Source Pravda.Ru

Restored Cathedral Opens in Baku - 25 March, 2003 - News

The restored Orthodox Cathedral of the Myrrh-Bearing Women has been opened in Baku.

When speaking at the opening ceremony, President of Azerbaijan Gheidar Aliyev said that the establishment of "good relations" between the country's faiths - Islam, Judaism and Orthodoxy - could "become an example for many countries." The head of state also said that the cathedral, which was built in 1909 with private money, had enjoyed great popularity among the Russian Orthodox population before it was closed in the 1920s.

The Bishop of Baku and the Caspian, Father Alexander read out a message from Patriarch of Moscow and all Russia Alexei II, calling the cathedral's restoration a symbol of friendship between the peoples of Russia and Azerbaijan, as well as the Orthodox and Islamic faiths.

Gheidar Aliyev awarded Father Alexander with an Order of Honour for his services in bringing the two nations closer together.

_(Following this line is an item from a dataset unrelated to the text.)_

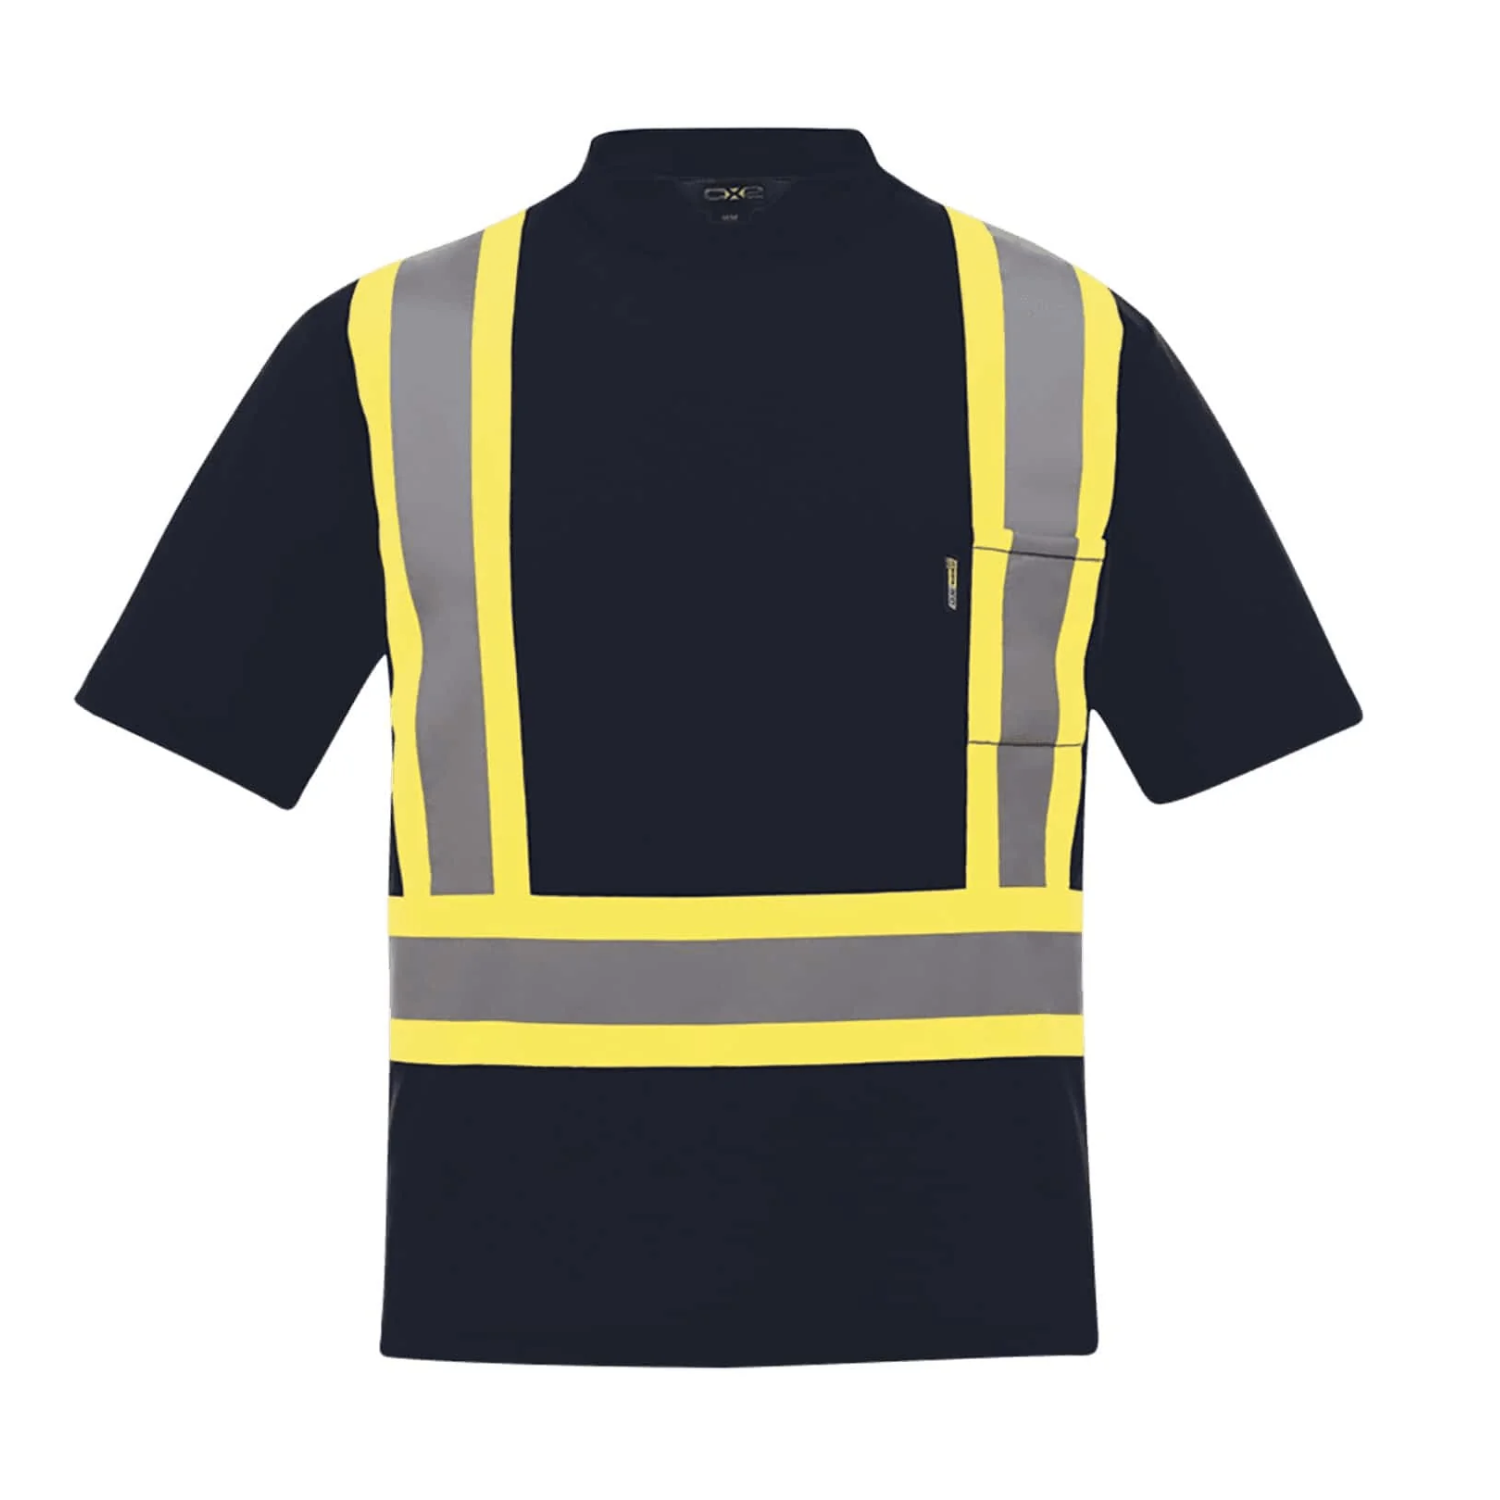 S05960 - Watchman - Men's Hi-Vis Safety T-Shirt - promopig
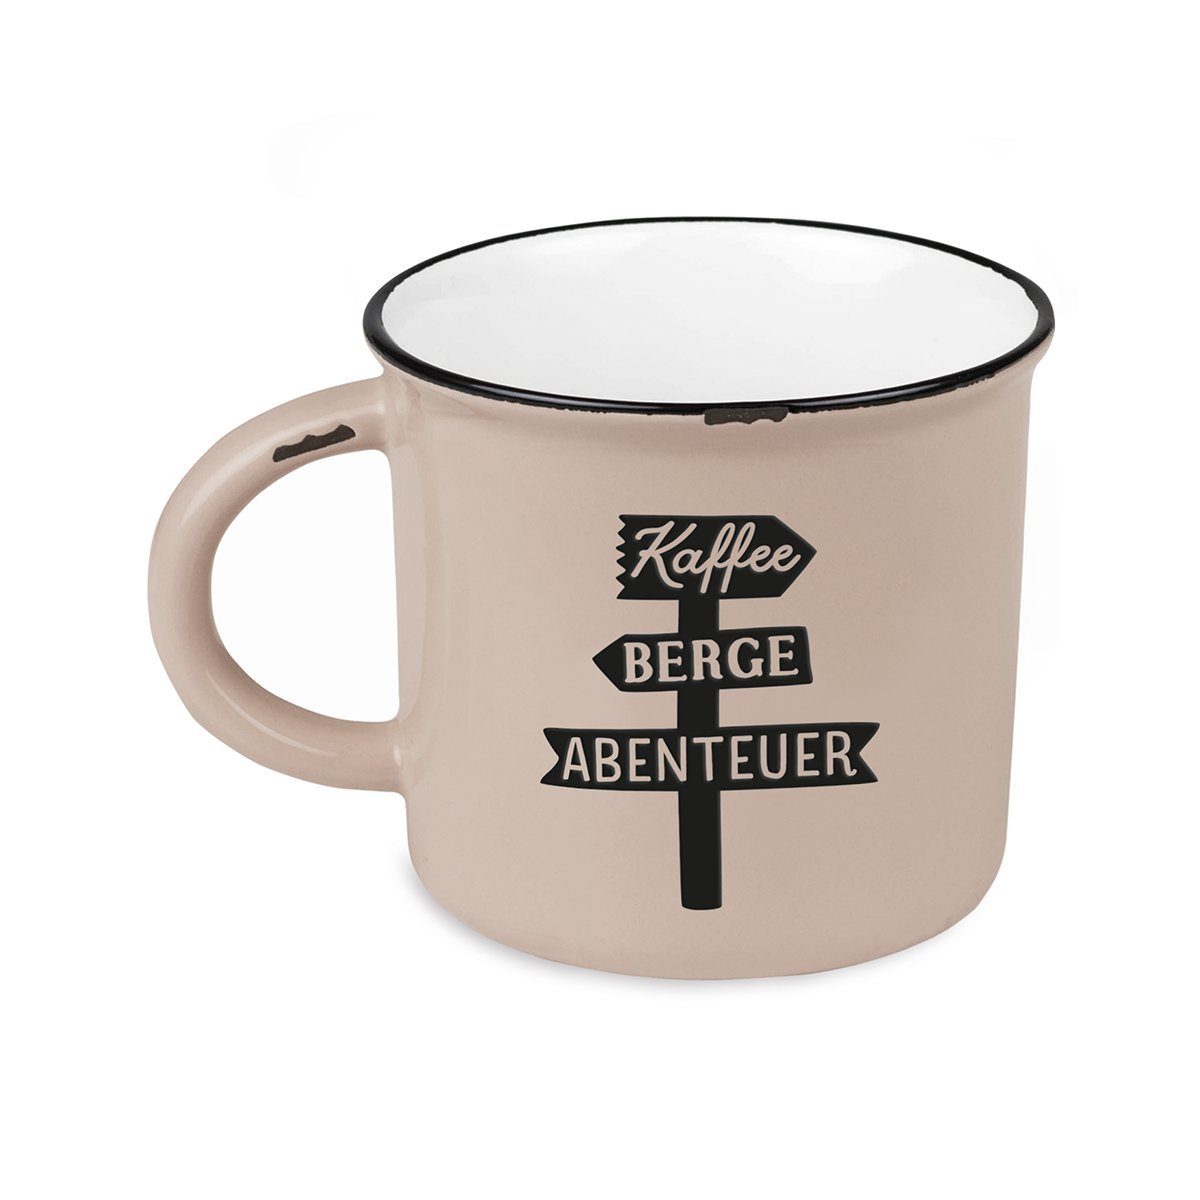 Grafik Tasse Vintage-Tasse Werkstatt Abenteuer, Kaffee Bergglück Emaille-Look Keramik im Berge

In Soviet times, the cathedral was closed, but in 1991, the half-ruined building was handed over to the Russian Orthodox Church.

In May 2001, the Patriarch of Moscow and All Russia consecrated the building during a trip to Azerbaijan and conferred the status of a cathedral in the Baku and Caspian diocese on it.

The cathedral houses an arc containing the relics of one of the most holy people to conquer Baku - the apostle Bartholomew, who, according to historical chronicles, spread the word of Christianity on the territory of modern-day Azerbaijan.

The Vice-President of the All-Russian Azerbaijani Congress, Aidyn Kurbanov, who is a Muslim married to a Russian and lives in Russia, has led the cathedral's restoration work over the last few years.

Work to restore the cathedral's interior was undertaken as part of the overall effort. A new stone iconostasis was built, as were icon-cases around the building, while new icons were painted and new windows and doors were put in place.

There are currently six parishes in Azerbaijan, five of which have their own consecrated churches and two chapels.

Out of the approximately 150,000 Russians living in Azerbaijan, the majority are Orthodox Christians and periodically go to church.

Moreover, Orthodox churches in the country are also attended by Ukrainians, Georgians, Geeks and Belarussians.